An exhaustive search over a given hyperparameter grid can be achieved using the popular GridSearchCV method from the scikit-learn library for Python hyper parametertuning. Hyperparameter tuning, which seeks to determine the optimal set of hyperparameters for a given model, is an important stage in the machine learning process.

Here’s how to use GridSearchCV to adjust hyperparameters:

First: Include the required libraries

import numpy as np
from sklearn.model_selection import train_test_split, GridSearchCV
# to load the iris dataset 
from sklearn.datasets import load_iris
from sklearn.svm import SVC

Second: Prepare or load your dataset

In this example, the Iris dataset will be utilized.

# Load the Iris dataset
data = load_iris()
X, y = data.data, data.target

Third: From the data, create training and test sets

# Split the dataset into training and testing sets
X_train, X_test, y_train, y_test = train_test_split(X, y, test_size=0.2, random_state=42)

Then: Build the model

# Create a support vector machine (SVM) classifier
svm_classifier = SVC()

Moving On: Describe the grid of hyperparameters

# Define the hyperparameter grid to search
param_grid = {
    'C': [0.1, 1, 10],
    'kernel': ['linear', 'rbf', 'poly'],
    'gamma': ['scale', 'auto']
}

Several values are being considered in this example for the regularization parameter (C), kernel (type of kernel function), and kernel coefficient (gamma) hyperparameters of the SVM classifier.

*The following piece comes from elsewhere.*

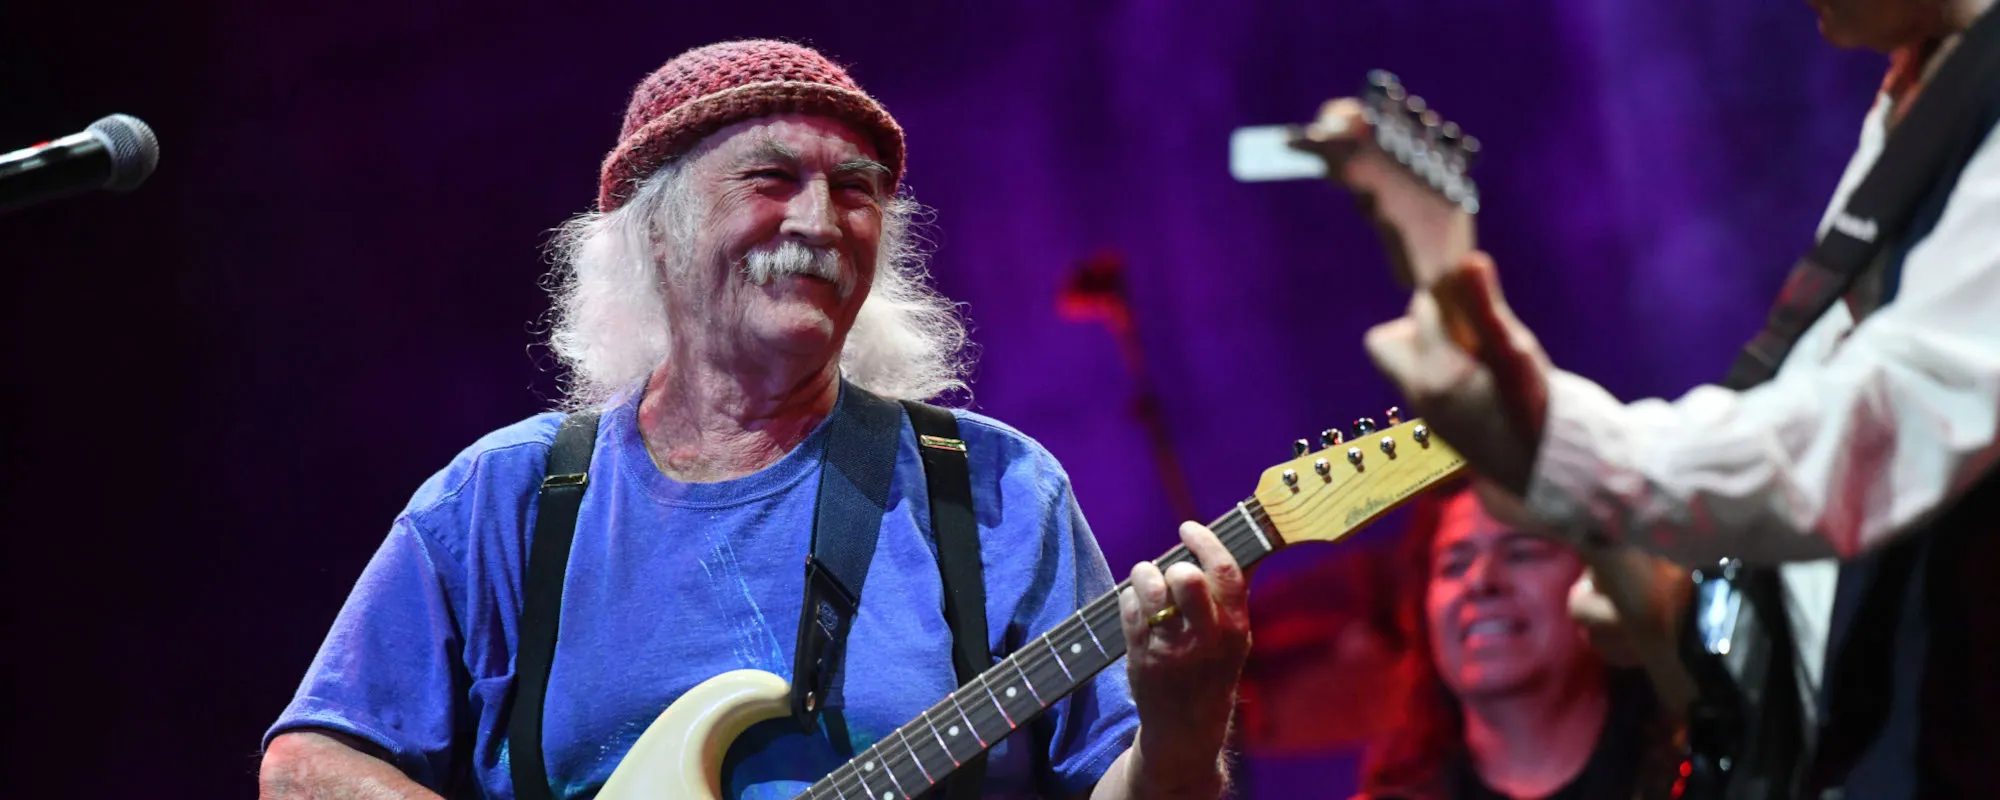 David Crosby Speaks Out About Spotify—”We Support Neil”; Spotify’s Paltry Payout System Takes Center Stage

Subsequently: Run GridSearchCV to

# Create a GridSearchCV object with the SVM classifier and the hyperparameter grid
grid_search = GridSearchCV(svm_classifier, param_grid, cv=5, n_jobs=-1)

# Perform the grid search on the training data
grid_search.fit(X_train, y_train)

Finally: View the results here

Following GridSearchCV, you can view various properties to find out more about the ideal model and hyperparameters:

# Get the best hyperparameters found by GridSearchCV
best_params = grid_search.best_params_
print("Best Hyperparameters:", best_params)

# Get the best model with the best hyperparameters
best_model = grid_search.best_estimator_

Choose the best model by:

Lastly, you can use the best model that GridSearchCV finds to generate predictions, and you can evaluate the model’s efficacy using the test set:

# Use the best model to make predictions on the test data
y_pred = best_model.predict(X_test)

# Evaluate the model's performance
accuracy = accuracy_score(y_test, y_pred)
print(f"Accuracy: {accuracy:.2f}")

Hence, GridSearchCV uses cross-validation to evaluate the model’s performance while conducting an extensive search across the hyperparameter grid (this is controlled by the cv parameter). As a scoring measure, it will return the set of hyperparameters that perform the best when using the classifier’s default mean accuracy.